# 았/었더라 vs 더라



## 82riceballs

Hi all,

(1) After coming back from the bathroom, my bacon was all burnt 
o 화장실에 갔다 와보니까 베이콘이 다 탔더라고
x 화장실에 갔다 와보니까 베이콘이 다 타더라고

(2) Because I lived such a busy life, I got sick often.
x 이렇게 빠듯하게 살다 보니까 병에 자주 걸렸더라고. 
o 이렇게 빠듯하게 살다 보니까 병에 자주 걸리더라고.

My question is why in sentence (1), you need to use the past tense [탔다 + 더라고 = 탔더라고], but why it would not make sense to use the past tense in sentence (2)? 

Would (2) make sense this way as well: 이렇게 빠듯하게 살다 보니까 병에 자주 걸리고 있었어요 ?

My Korean friend told me that saying 결렸더라고 is like using a double past tense, since 걸렸다 is past tense and 더라고 is also past tense. 

Any help is appreciated- thanks!!


----------



## dhchong

You can think '탔더라고' as  'the past perfect' and '타더라고' as 'the past'

When you came back from bathroom, you saw the bacon was burning, then you can say '타더라고'.
In case you found it was already burnt,  you can say '탔더라고'.

In my opinion, both sentences make sense and also ' 이렇게 빠듯하게 살다 보니까 병에 자주 걸리고 있었어요 ?' makes sense.


----------



## 82riceballs

Ah I think I get it now 

Meaning-wise, 
타더라고 = 타고 있었어. It was burning
걸리더라고 = 걸리고 있었어. I got sick often ("I was getting sick often/a lot")


----------



## dhchong

Right. 

You seem to be very smart.


----------



## 82riceballs

No, you're good at explaining!


----------



## Kross

82riceballs said:


> Would (2) make sense this way as well: 이렇게 빠듯하게 살다 보니까 병에 자주 걸리고 있었어요 ?


 In response to your question, 국립국어원 answered the following, "빠듯하게 살다 보니 지금도 병에 자주 걸린다는 의미로 써야 하므로 '걸려요' 정도로 표현하는 것이 적절합니다." 
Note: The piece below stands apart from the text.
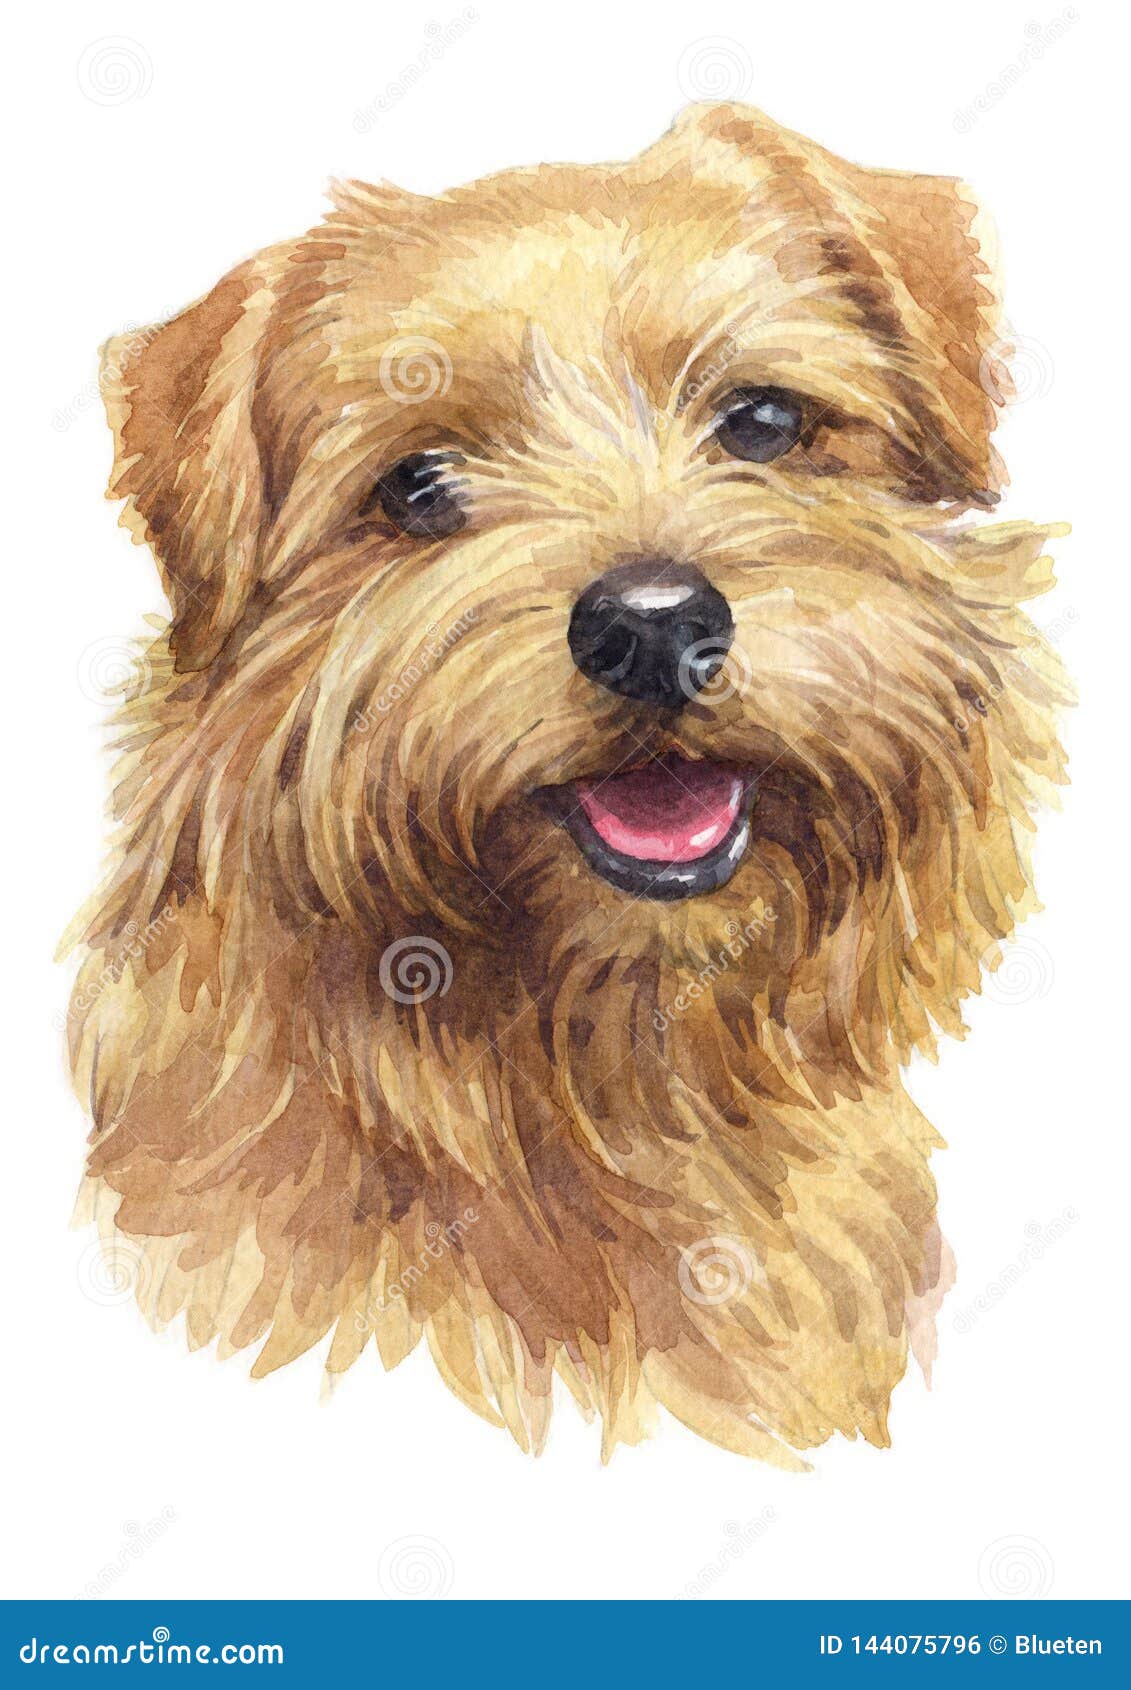 Norfolk Terrier Stock Illustrations 67 Norfolk Terrier Stock Illustrations Vectors Clipart Dreamstime

source : https://twitter.com/urimal365/status/559585637804699651


----------



## 82riceballs

Got it! Thanks!
So if I want to talk about the past (e.g. I used to be busy but because I got sick so often, I decided to stop being so busy), there is nothing weird if I use the following sentence?
이렇게 빠듯하게 살다 보니까 병에 자주 걸렸더라고

Just double checking because a Korean friend said it sounded weird.


----------



## Kross

[





82riceballs said:


> there is nothing weird if I use the following sentence? 이렇게 빠듯하게 살다 보니까 병에 자주 걸렸더라고


 It doesn't sound like you are saying about the past event because the beginning part ranging from 이렇게 through 보니깐 describes the present situation of the speaker. So I'd say, "예전에 빠듯하게 살 땐 병에 자주 걸렸어/걸렸지." I don't think ~(걸렸)더라고 is a good choice here as a verb ending. I don't know why. It just doesn't sound right to me.


----------



## 82riceballs

Interesting!! I also got the feeling that you can't use 이렇게 in the present for some reason.

I have heard 보니까 used in the past in this way
엄마가 장사를 하다 보니까 요리해 줄 시간이 별로 없어서 내가 알아서 해야했지.

I might have forgotten exactly how he said it, but an 아저씨 who taught me how to cook said this to me when I asked where he learned to cook.

Does using 하다 보니까 in this way sound strange?


----------



## Kross

82riceballs said:


> Interesting!! I also got the feeling that you can't use 이렇게 in the present for some reason.?


 What do you mean by you can't use 이렇게 in the present for some reason.?



82riceballs said:


> I have heard 보니까 used in the past in this way
> 엄마가 장사를 하다 보니까 요리해 줄 시간이 별로 없어서 내가 알아서 해야했지.


 I think ~ 보니까 here is closer to being used in the present (progressive) than in the past. The phrase 엄마가 장사를 하다 보니까 literally means, "Mom runs/is running a business" but what is written down after ~ 보니까 is telling about the speaker's past experience, taking care of meals himself/herself due to Mom not being at home. So the timeline of ~보니깐 is extended to the past to make the whole sentences sound right. we assume that his/her mom must have run a business in the past, which ~ 보니까 itself doesn't imply


----------



## dhchong

I'm not expert in grammar. But sometimes in korean, don't we use present tense to describe the past?
For example : 너무 아름다워서 눈을 뗄 수가 없었다. 

Can't we use '없었다' as it is the past tense while '아름다워서' is the present tense?  We usually say that way.

If I have to be strict in tense , it should be '너무 아름다웠기에 눈을 뗄 수가 없었다.'
But korean language is not so strict in tense like englih  or other indo european languages.

Of course we can say '너무 아름다웠기에 눈을 뗄 수가 없었다.' and often we say that way but for me it is more natural to say '너무 아름다워서 눈을 뗄 수가 없었다.'.


So all the sentences  seem  natural to me.


----------